We are conflicted because we love the way towns in Tuscany and Umbria look (the Abruzzo towns seem more run-down and seem to always require construction) but we love Abruzzo because of family history and love to be close to the sea.

Suggestions?


----------



## italy (Aug 21, 2009)

Germano said:


> We are looking to initially get a holiday (vacation) home in Italy. My family is from Abruzzo but when I look at houses/apartments I love the style of Tuscany houses.
> 
> I'm looking for suggestions on where to buy based on our desires:
> 
> ...


well i would say from colonella to guilianova if you pick one of the alta towns you will find they are not run down or indeed dismal with views over the adriatic .. mosciano san angelo just inland or notaresco.. well restored and lively small towns within ten minutes of the beaches ...

i would suggest as well your budget in these areas will give you a lot more choice and the weather will allow you to spend a lot more time...

if you add to that the distance from the main rome airports is at max a 2 hour drive... its also very convenient

i agree there are many areas when you go inland that reflect a harder side of mountain life here but the beauty of Abruzzo to my mind is that variety


----------



## Germano (Jun 11, 2011)

Thank you so much for your response.

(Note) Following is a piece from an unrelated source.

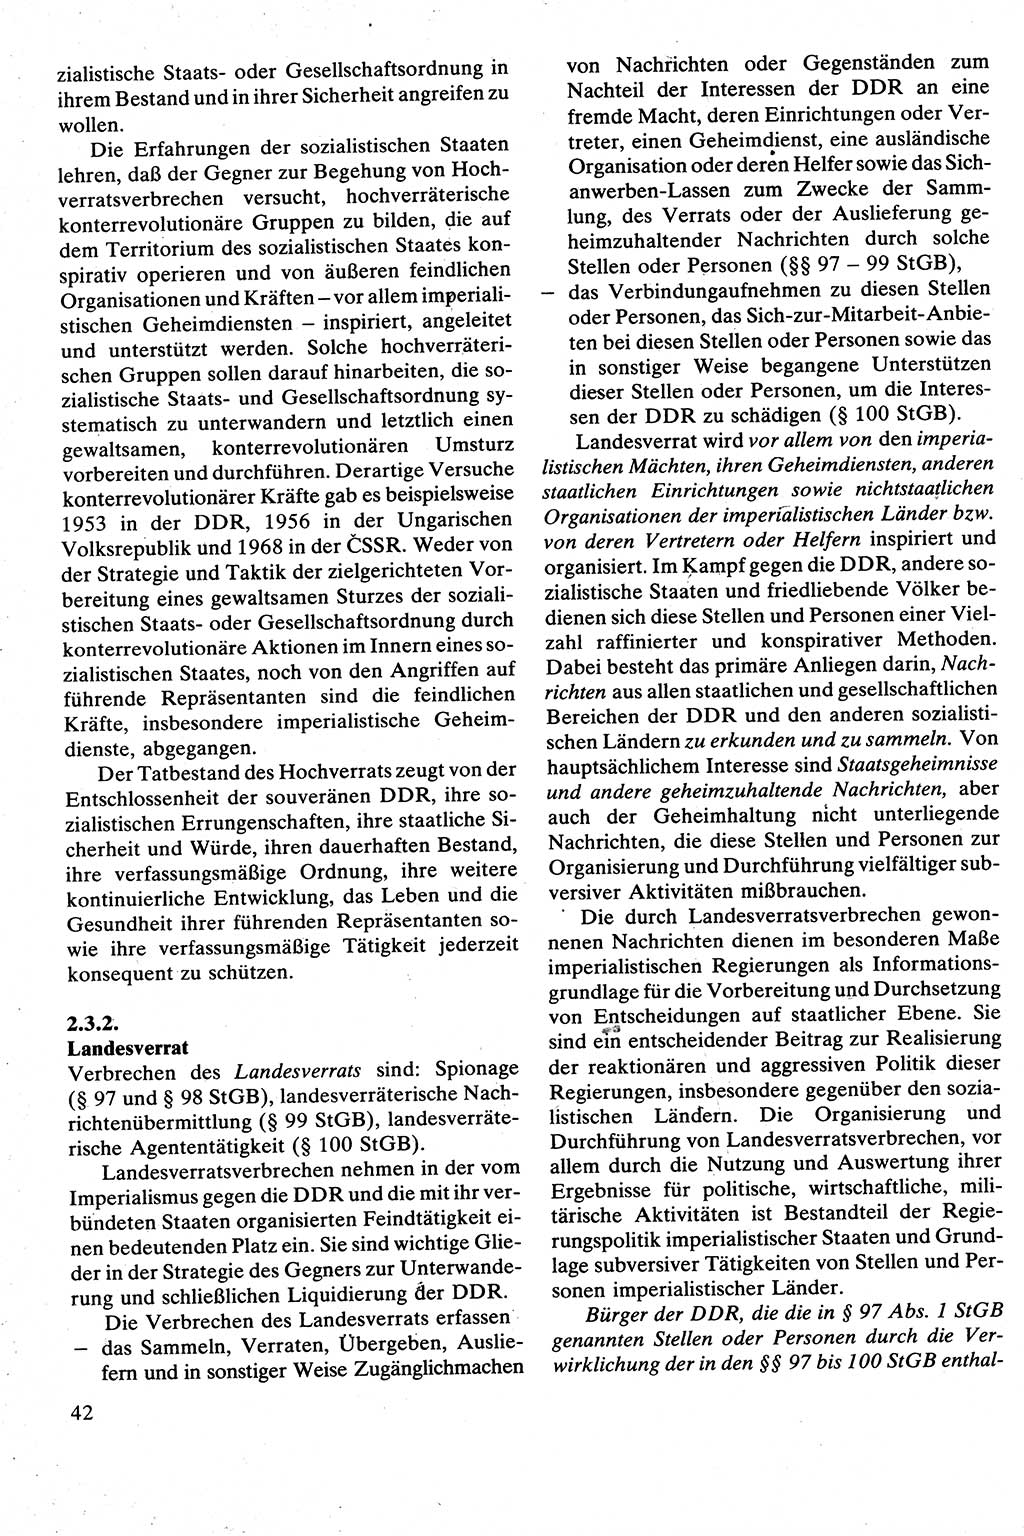 Strafrecht [Deutsche Demokratische Republik (DDR)], Besonderer Teil, Lehrbuch 1981, Seite 42 (Strafr. DDR BT Lb. 1981, S. 42)

That's exactly what I am looking for. I hope you don't mind but I have some additional questions.

Firstly, it sounds like you are mentioning places in the Teramo region of Abruzzo. It looks beautiful.

In looking at properties, I see lots of villas, lots of places needing restoration, but very few if any apartments in old historic towns which are full restored and have great views of both the mountains and the sea. 

I'm looking at sites like this for places:

property-italy.immobiliare.it/Teramo/properties_for_sale-Teramo.html

I probably have less than 300,000 Euro to spend. I see some beautiful villas with great views, but I really wanted to be closer (if not in) and ancient historic town - one where you can walk the streets to get food and meet people.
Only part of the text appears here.